§ **YOUR INSTRUCTIONS**
Each line from the start of the data below through the one containing "سرقت مسلحانه از بانک مسکن اصفهان + تصاویر" must be reproduced exactly.

[Collected data]
--------------------------------------------------

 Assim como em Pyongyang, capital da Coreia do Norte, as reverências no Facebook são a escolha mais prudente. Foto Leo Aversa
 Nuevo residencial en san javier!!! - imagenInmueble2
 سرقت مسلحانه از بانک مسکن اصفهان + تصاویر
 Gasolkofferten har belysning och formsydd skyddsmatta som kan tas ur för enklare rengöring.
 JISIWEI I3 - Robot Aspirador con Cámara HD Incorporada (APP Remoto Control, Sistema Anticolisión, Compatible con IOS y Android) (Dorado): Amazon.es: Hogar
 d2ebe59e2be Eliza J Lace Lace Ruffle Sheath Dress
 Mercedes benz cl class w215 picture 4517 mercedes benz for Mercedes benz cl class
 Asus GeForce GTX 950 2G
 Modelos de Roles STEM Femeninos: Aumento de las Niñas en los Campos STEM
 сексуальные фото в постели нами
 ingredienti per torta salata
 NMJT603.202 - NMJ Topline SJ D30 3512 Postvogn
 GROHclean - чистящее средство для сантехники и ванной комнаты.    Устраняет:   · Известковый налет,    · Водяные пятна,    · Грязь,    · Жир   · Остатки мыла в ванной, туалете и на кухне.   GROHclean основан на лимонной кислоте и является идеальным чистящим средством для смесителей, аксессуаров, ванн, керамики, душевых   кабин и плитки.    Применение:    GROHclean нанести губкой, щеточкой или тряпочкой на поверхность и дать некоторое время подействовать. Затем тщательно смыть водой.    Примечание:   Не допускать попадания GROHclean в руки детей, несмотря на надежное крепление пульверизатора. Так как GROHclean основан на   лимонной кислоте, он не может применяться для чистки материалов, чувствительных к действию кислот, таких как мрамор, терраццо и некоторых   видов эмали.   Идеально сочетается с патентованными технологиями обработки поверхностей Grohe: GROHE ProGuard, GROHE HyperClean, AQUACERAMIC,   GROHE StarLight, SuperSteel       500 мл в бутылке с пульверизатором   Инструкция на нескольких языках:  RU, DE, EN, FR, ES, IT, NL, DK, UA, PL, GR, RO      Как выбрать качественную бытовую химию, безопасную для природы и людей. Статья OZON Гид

--------------------------------------------------

§ **ANSWER FOR THIS EXERCISE**
 Assim como em Pyongyang, capital da Coreia do Norte, as reverências no Facebook são a escolha mais prudente. Foto Leo Aversa
 Nuevo residencial en san javier!!! - imagenInmueble2
 سرقت مسلحانه از بانک مسکن اصفهان + تصاویر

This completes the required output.